De effectiviteit van membraanreiniging is sterk afhankelijk van de hydraulische omstandigheden in spiraalgewonden membraanelementen (SWM) [1]. Om de hydraulische omstandigheden te verbeteren, is een nieuw reinigingsconcept ontwikkeld, dat gebruik maakt van lucht- en waterspoeling in verticaal geplaatste SWM-elementen [2]. Dit innovatieve concept staat bekend als het AiRO-concept. Het doel van AiRO is om
- de voorbehandeling van het voedingswater te beperken,
- het gebruik van chemische reinigingsmiddelen te verminderen,
- het energieverbruik bij hoge druk membraanfiltratie-installaties (NF/RO) te verlagen.
Aan het einde van de jaren ‘90 van de vorige eeuw vond een eerste verkennend onderzoek naar deze nieuwe techniek plaats bij WMO (Waterleiding Maatschappij Overijssel, het huidige Vitens). Hierbij werd succesvol sporadische luchtspoeling toegepast op vervuilde spiraal-gewonden NF- en RO-modules. Dit leverde een Nederlands octrooi op [3]. De eerste gepubli-ceerde ervaringen met het periodiek spoelen met lucht en water (AiRO) waren eveneens veelbelovend. AiRO resulteerde in een effectief herstel van de membraanprestaties zonder verlies van de membraanintegriteit [2].
Sinds 2010 is een 1400 m3/uur full-scale demiwaterinstallatie (DWP, afbeelding 1) in het Botlekgebied van het Havenbedrijf Rotterdam in gebruik. Bouwer en beheerder van de installatie is Evides Industriewater. De DWP is de eerste en tot nu toe enige AiRO membraaninstallatie op praktijkschaal.
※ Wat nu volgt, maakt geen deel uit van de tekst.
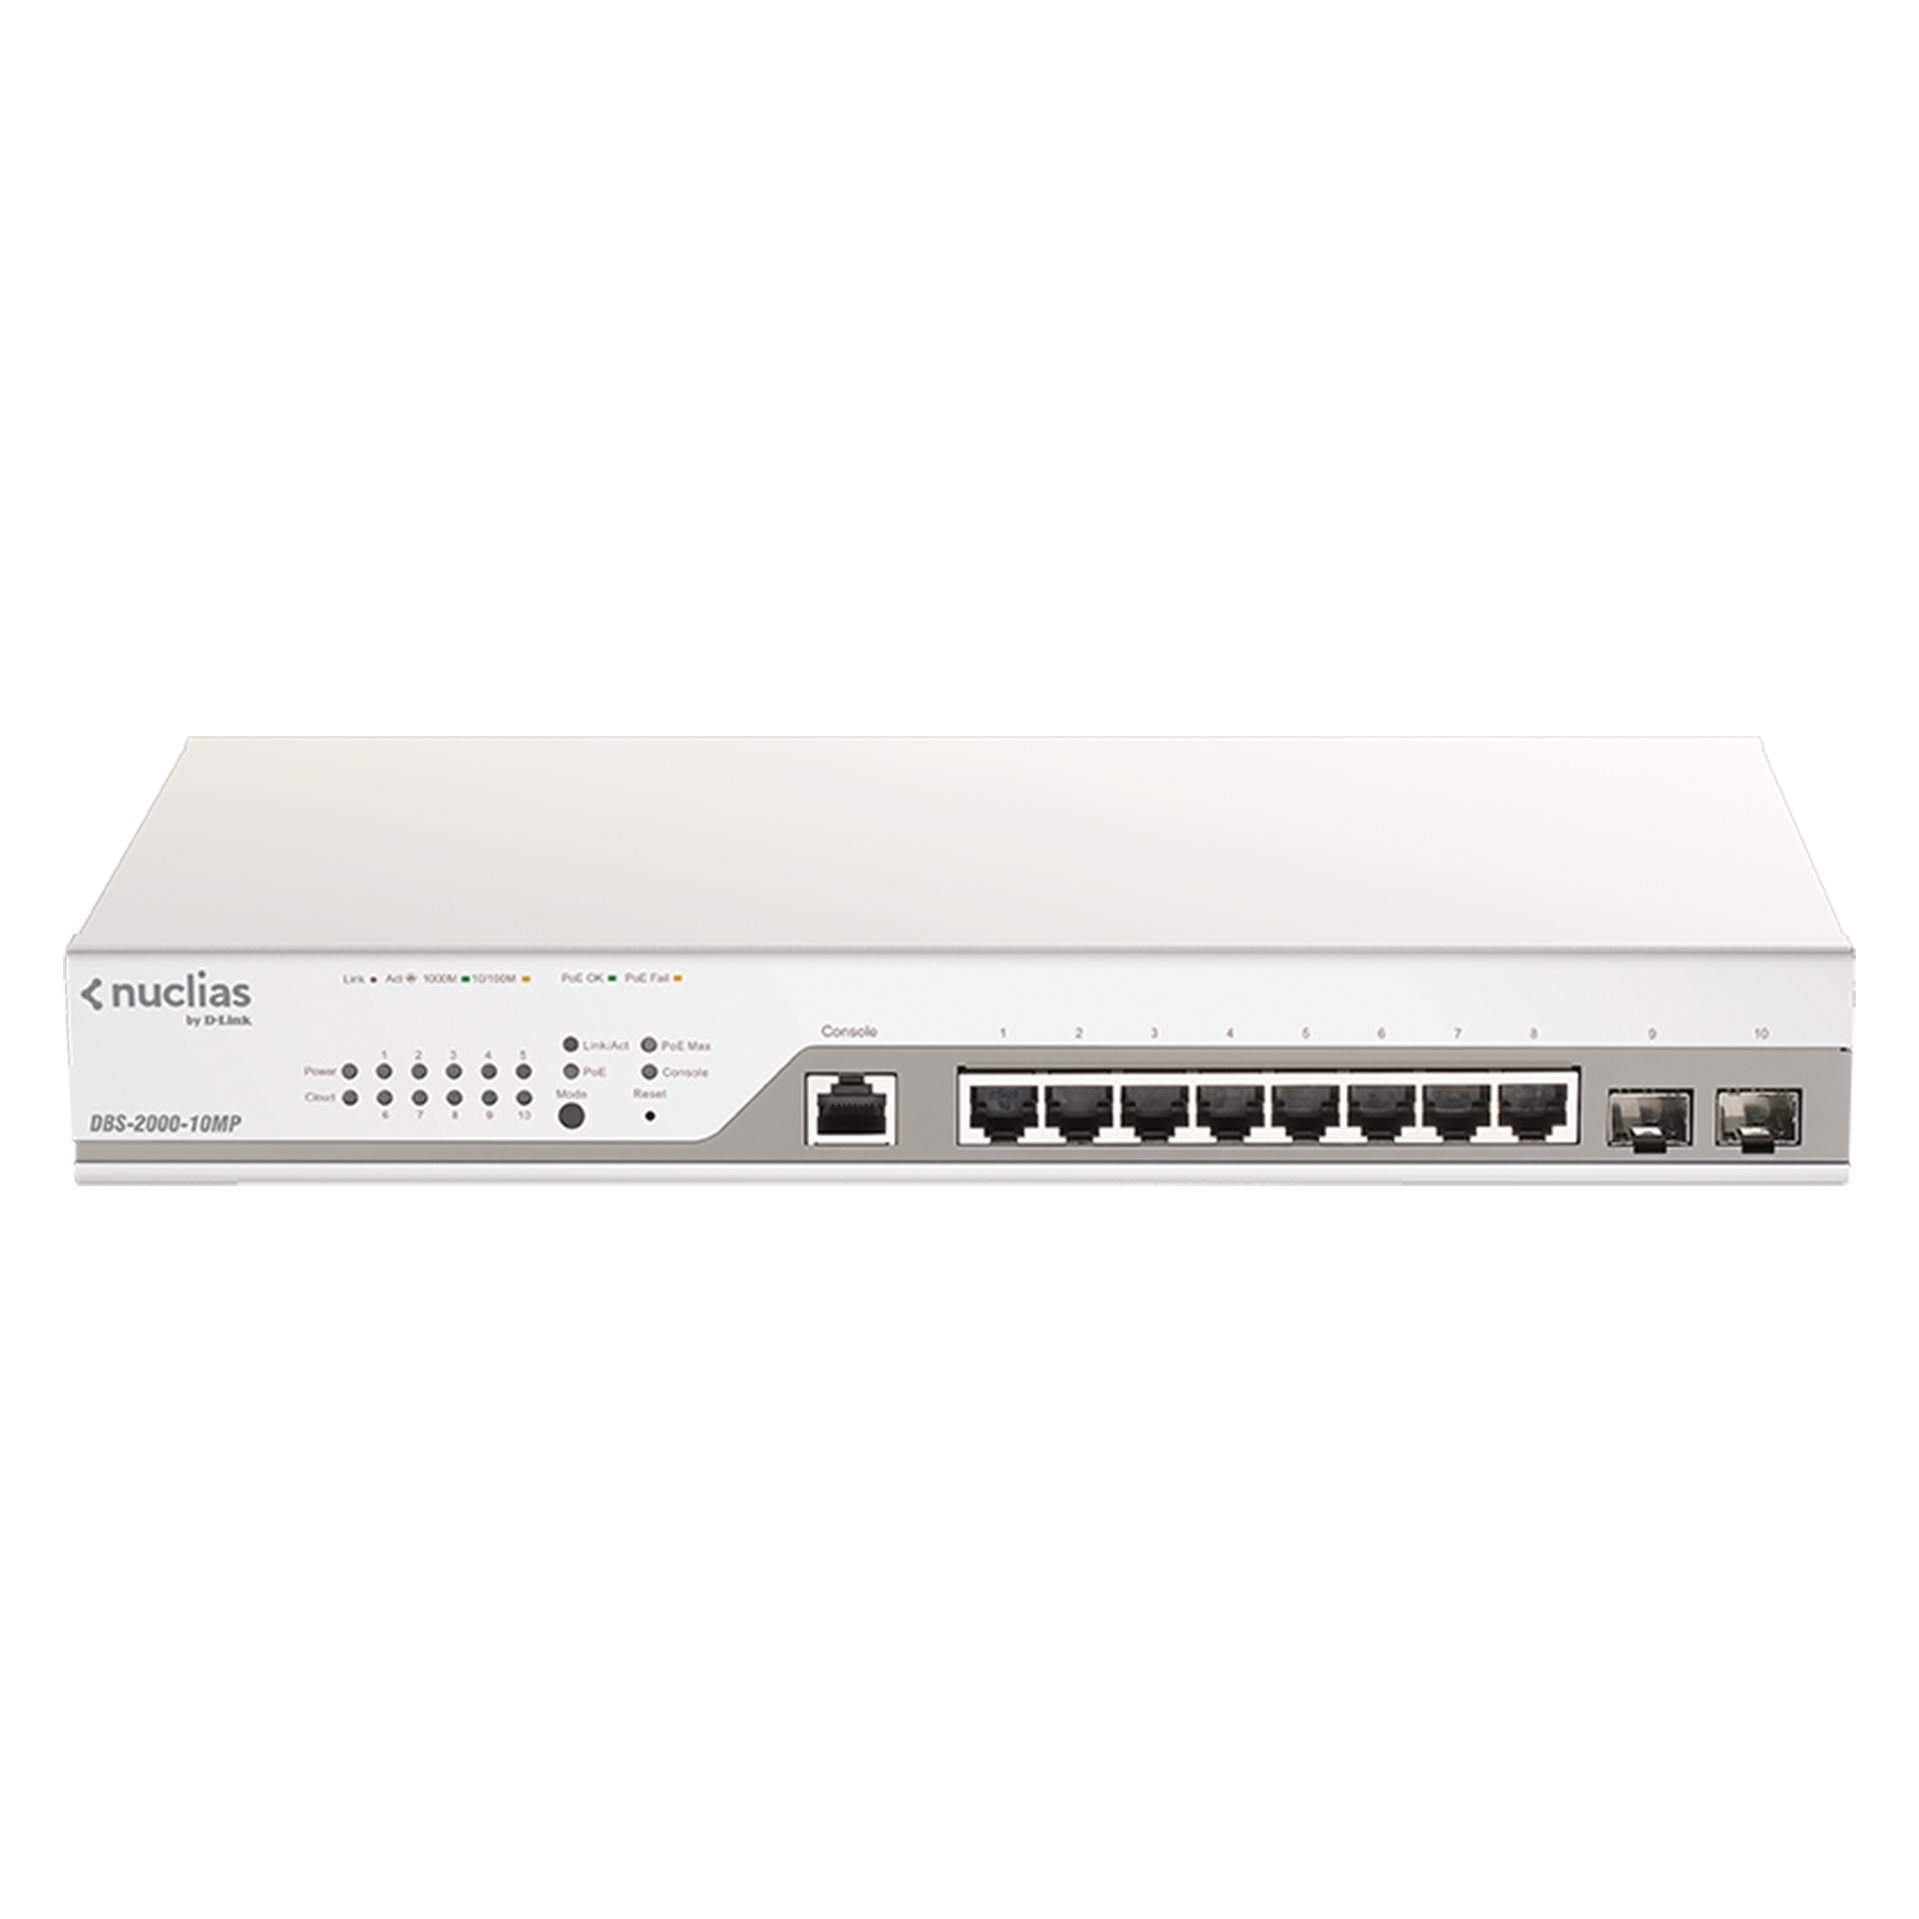   Switch ethernet   Nuclias Switch 8 Ports Giga PoE at 130W + 2 SFP DBS-2000-10MP

Afbeelding 1. De 1400 m3/uur full-scale demiwaterinstallatie (DWP) in de Botlek van Evides Industriewater
Proefopzet
In de periode 2005-2013 zijn er meerdere lab- en pilot-scale onderzoeken gedaan op verschillende watertypen. Een aantal van deze onderzoeken wordt hieronder beschreven.
Membraantestcel
Voor kortdurende laboratoriumproeven werd een zogenaamde membraanvervuilingssimulator (MFS) gebruikt als testcel [4]. In een MFS wordt een membraanvel met een voedingsspacer geplaatst en kan vervuiling visueel in situ worden bestudeerd. De MFS is zo ontworpen dat vergelijkbare hydraulische condities worden bereikt als bij het gebruik van spiraalgewonden membraanelementen in de praktijk. Perslucht werd via de ingang van het voedingskanaal van de MFS geïntroduceerd en gemengd met voedingswater. Gedurende drie weken werd een RO-membraanvel gevoed met leidingwater uit Nieuwegein. Aan dit water werd natriumacetaat toegevoegd om de groei van biofilm te promoten. Voor het reinigen werd de MFS verticaal gezet, en het membraan werd gedurende een half uur gespoeld met lucht en water. De gecumuleerde biomassa van het membraanvel voor en na spoeling werd verzameld en gesuspendeerd. Deze suspensie werd geanalyseerd op adenosine-trifosfaat (ATP ) om de concentratie van actieve micro-organismen te bepalen.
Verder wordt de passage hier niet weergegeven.